WASHINGTON, D.C. — Technology that warns pilots about potential runway safety hazards will be installed and tested at Boston Logan International Airport under a partnership between the Federal Aviation Administration (FAA) and the Massachusetts Port Authority (Massport). The test system will be installed in November 2009 and testing will begin the following month, a full two years ahead of the planned national program deployment.

The system, called Runway Status Lights, uses a series of red lights embedded in the pavement to warn pilots if it is unsafe to cross over or enter a runway. Under the agreement between the FAA and Massport, pilots will begin testing Runway Status Lights at Logan next year. The FAA and Massport are sharing the cost of the system, estimated at $5 million.

Boston will be the first location in the country to test Runway Status Lights for intersecting runways.
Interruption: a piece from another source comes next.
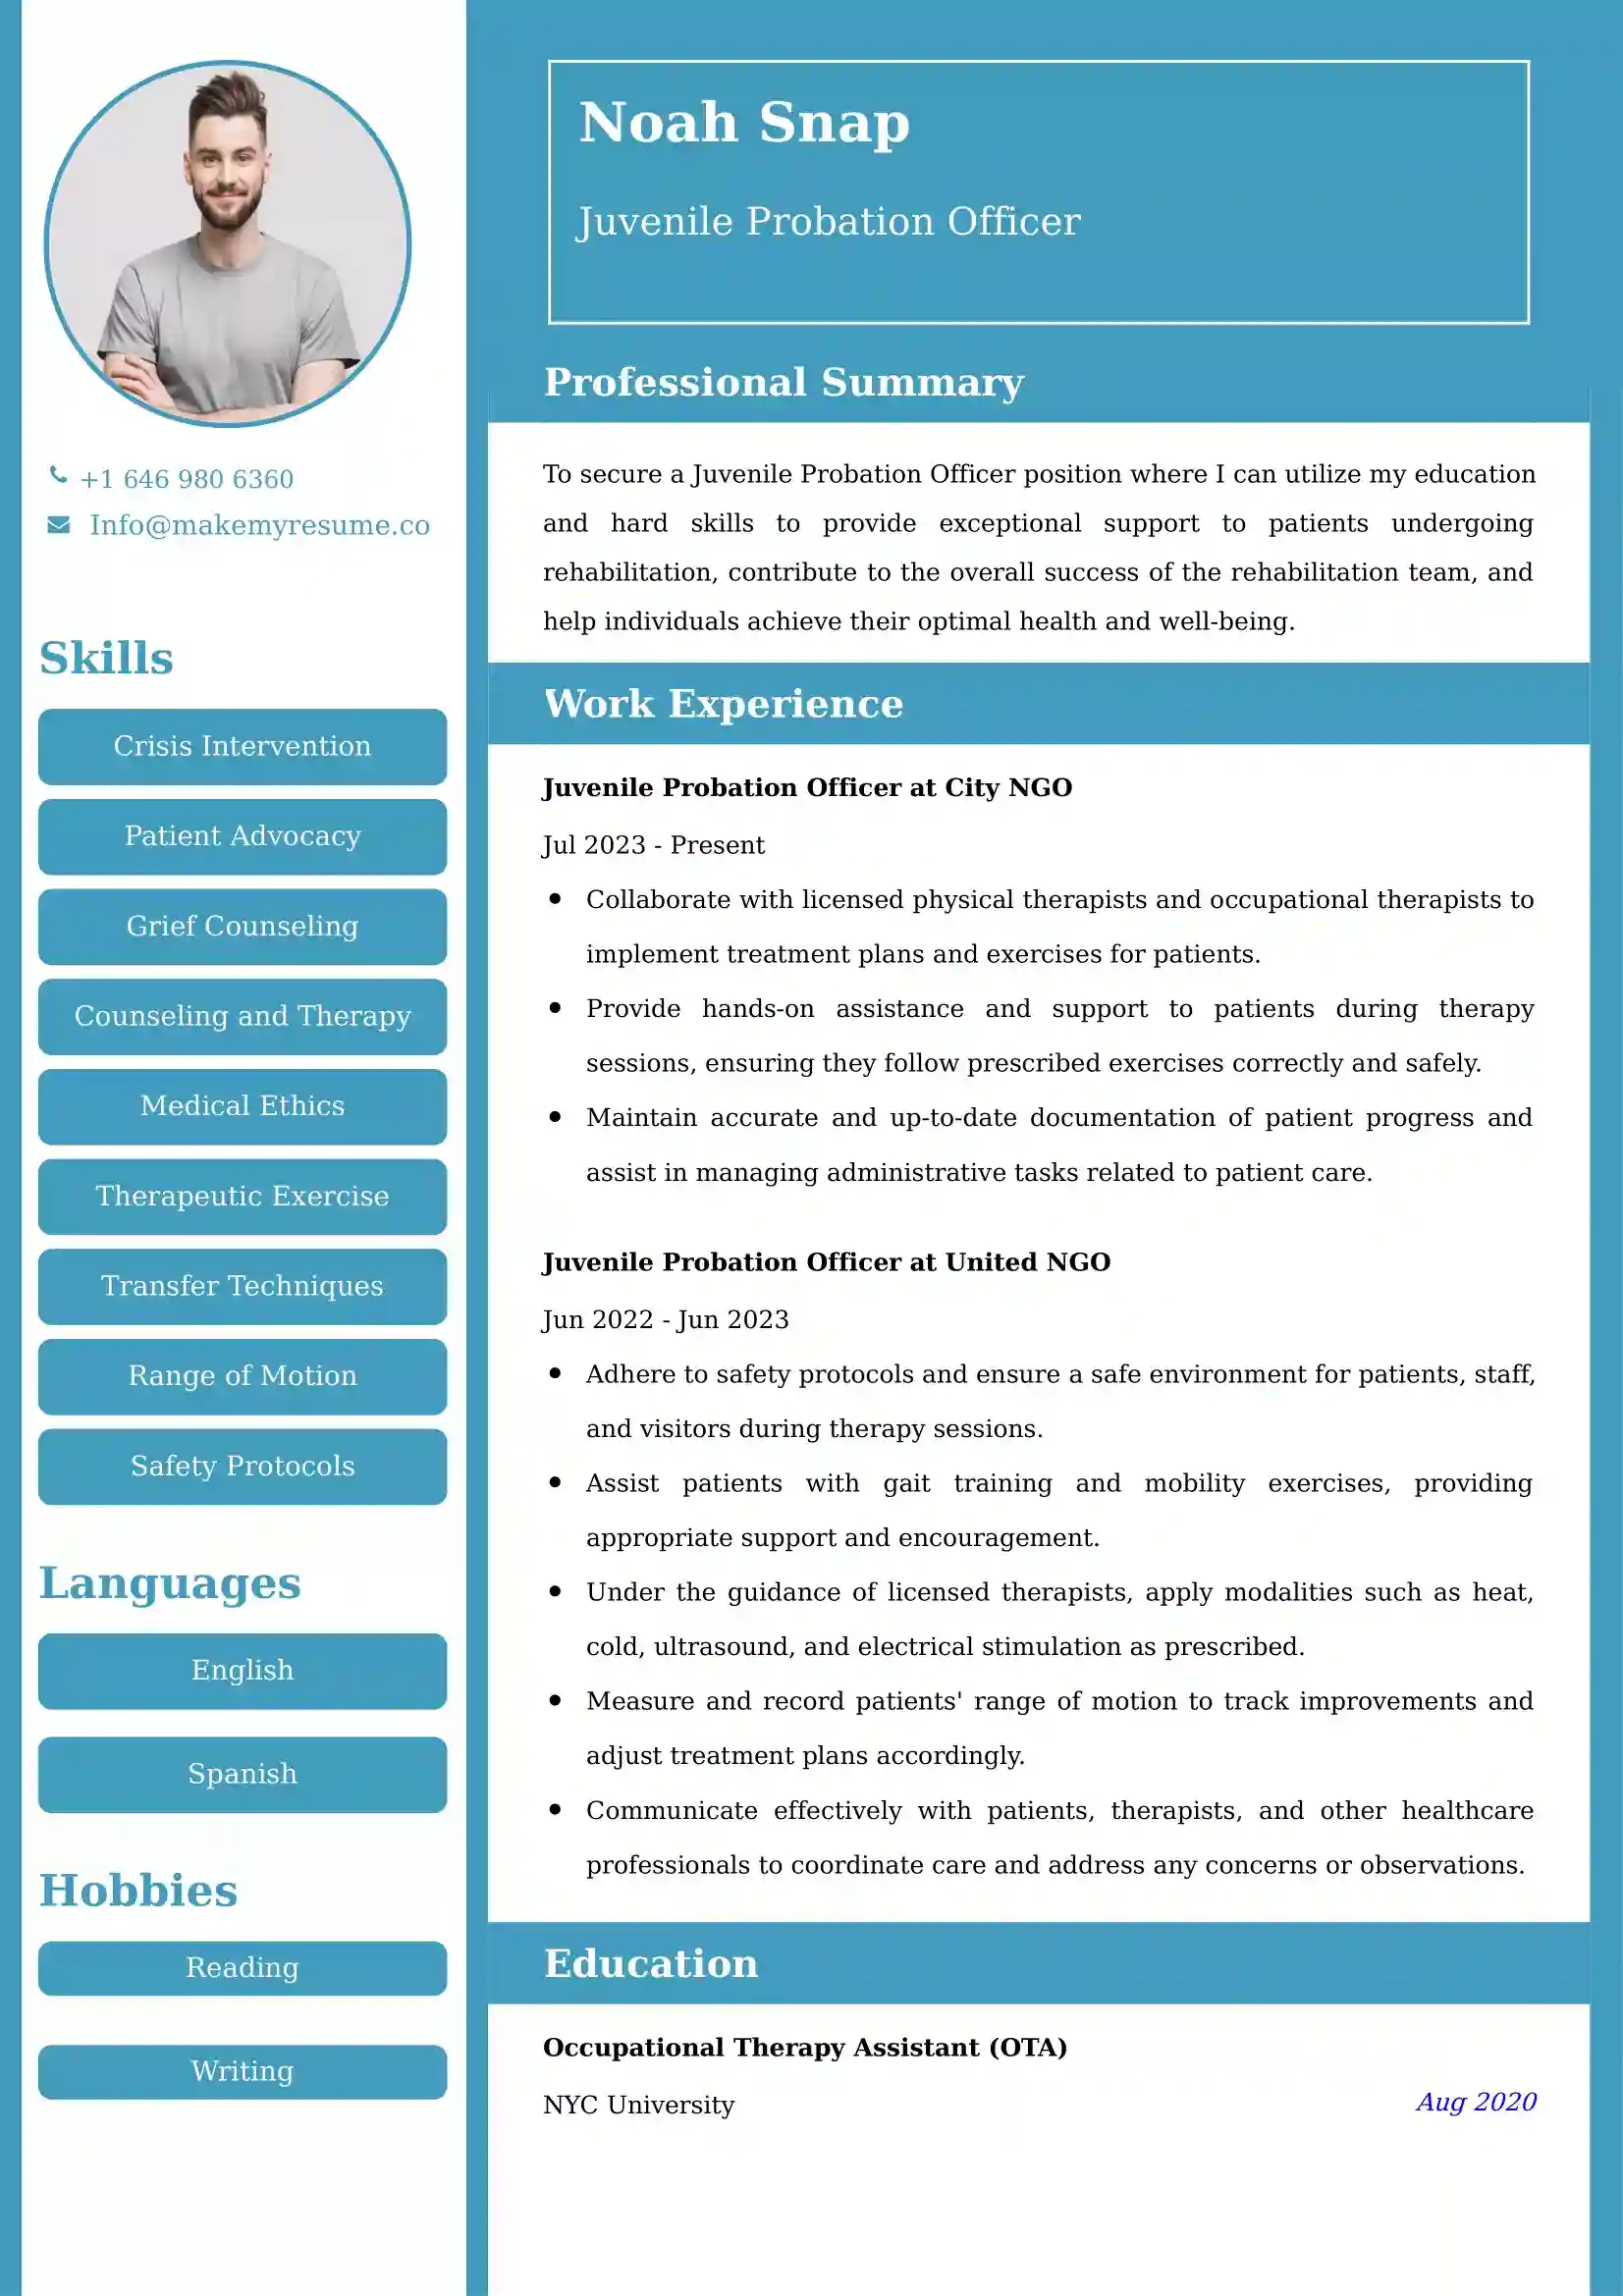 Juvenile Probation Officer Resume Examples - Brazilian Format, Latest Template

“These lights add another layer to the safety systems designed to keep our runways safe," said FAA Acting Administrator Robert Sturgell. "They will keep pilots focused and make our runways safer.”

“Safety and security are our most important priorities at Logan,’’ said Thomas J. Kinton Jr., CEO and Executive Director of the Massachusetts Port Authority. “We are pleased that Logan will be among the first airports in the nation to have runway status lights. They will reduce the potential for runway incursions and are an important tool to use in improving airfield safety.’’

"The new runway status lights are a critical safety improvement to Logan’s runways and taxiways. Safety should always remain our utmost concern, and the latest improvements are in keeping with that interest. I am pleased that the FAA has dedicated resources to enhance the safety and the efficiency of Massachusetts’ largest commercial airport,” said Senator John F. Kerry.

Pilots approaching a runway equipped with Runway Status Lights will see red lights illuminated if the airport’s ground surveillance radar detects traffic on or approaching that runway. Clearance to cross or enter a runway must be given by air traffic control. Pilots must verify clearance before proceeding even after the warning lights are no longer illuminated. Runway Status Lights will also be used by vehicle operators.

The system is in place at Dallas/Fort Worth and San Diego at non-intersecting runways and has improved runway safety without reducing capacity or increasing controller workload. The concept for Runway Status Lights was developed at the Massachusetts Institute of Technology’s Lincoln Laboratory.